Prabowo menjelaskan bahwa New Policy dirancang untuk memberikan kepastian hukum dan transparansi dalam pengelolaan sumber daya ekonomi. Ia menekankan bahwa kebijakan ini harus dijalankan meski ada ancaman dari pihak-pihak yang tidak mendukung perubahan. Menurutnya, New Policy bukan hanya untuk menyelamatkan ekonomi, tetapi juga untuk membangun kepercayaan masyarakat terhadap sistem pemerintahan.
“Kebijakan besar dalam New Policy harus tetap diambil, terutama jika akan memberi manfaat bagi rakyat. Kita bisa saja menghadapi lawan dari individu atau kelompok yang tidak menyayangi bangsa Indonesia, bahkan berusaha melemahkan NKRI. Namun, bangsa besar harus berani mengambil keputusan yang tepat meski sulit,” tambahnya.
Di sisi lain, Prabowo juga menyampaikan bahwa New Policy akan mencakup peningkatan keterlibatan masyarakat dalam pengawasan ekonomi. Ia menyoroti peran lembaga-lembaga penegak hukum dan organisasi masyarakat dalam menjaga integritas sistem. “Dengan New Policy, kita mengharapkan transparansi yang lebih baik dan partisipasi aktif rakyat dalam memastikan penggunaan dana publik yang efisien,” kata Prabowo.
Prabowo memastikan bahwa New Policy tidak hanya mengarah pada pemberantasan korupsi, tetapi juga pada penguatan ekonomi berkeadilan. Ia menyebut bahwa kebijakan ini akan memberikan peluang bagi pengusaha kecil dan masyarakat luas untuk tumbuh bersama. “Jika rakyat kita mengalami kesulitan, lapar, atau tidak sehat, tidak ada negara lain yang akan langsung membantu. Seperti pendiri bangsa kita, Bung Karno, kita harus siap menanggung sendiri,” sambung Prabowo.

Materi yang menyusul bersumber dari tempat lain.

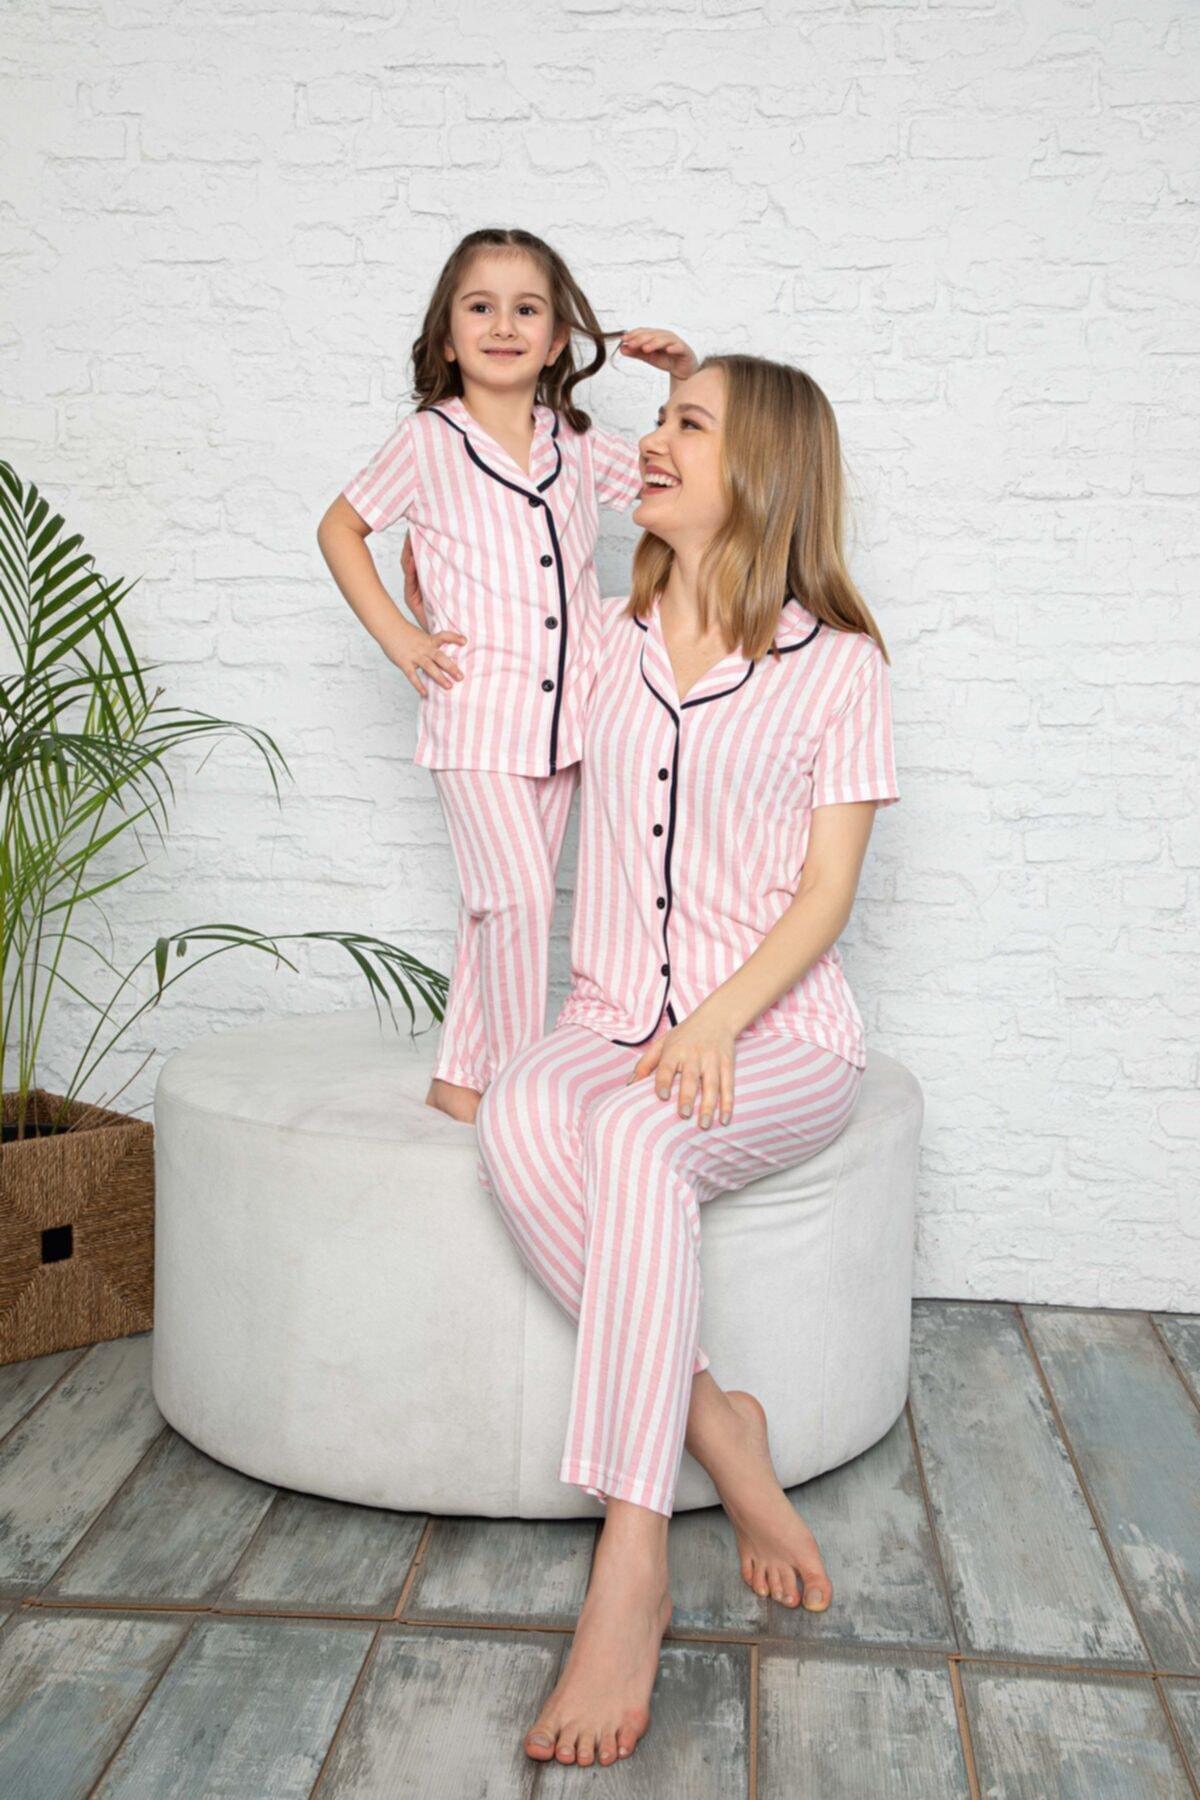 modalizy Anne Kız Pembe Çizgili Desen Pijama Kombinleri 1

Peran Kebijakan dalam Pembangunan Ekonomi
Menurut Prabowo, New Policy merupakan kebijakan yang akan menjadi fondasi bagi keberlanjutan pembangunan ekonomi. Ia menjelaskan bahwa kebijakan ini dirancang untuk mengurangi pengaruh kelompok korupsi yang selama ini mengendalikan alur dana dan sumber daya alam. “Dengan New Policy, kita berharap mampu membangun ekonomi yang lebih seimbang dan berkelanjutan, serta mengurangi ketergantungan pada pihak luar,” ujarnya.
“Kita harus memperkuat tata kelola ekonomi agar kekayaan bangsa tidak terus terbuang ke luar negeri. New Policy dirancang untuk menjamin bahwa setiap langkah pembangunan memiliki dampak positif bagi rakyat Indonesia,” katanya.
Dalam konteks ini, Prabowo juga mengkritik praktik korupsi yang terjadi dalam sektor pangan dan sumber daya alam. Ia menegaskan bahwa New Policy akan fokus pada peningkatan hilirisasi sumber daya alam, pengembangan ketahanan pangan nasional, serta pemberian makan bergizi gratis (MBG) untuk masyarakat miskin. “Semua kebijakan dalam New Policy harus terukur dan memberikan manfaat langsung kepada masyarakat,” tambah Prabowo.
Prabowo menambahkan bahwa New Policy akan memperkuat kerja sama antara pemerintah dan sektor swasta. Ia berharap kebijakan ini bisa menjadi momentum bagi Indonesia untuk mewujudkan pertumbuhan ekonomi yang berkelanjutan. “Dengan New Policy, kita bisa memastikan bahwa ekonomi Indonesia tidak hanya tumbuh, tetapi juga berdiri sendiri dan mampu menghadapi berbagai tantangan global,” ujarnya.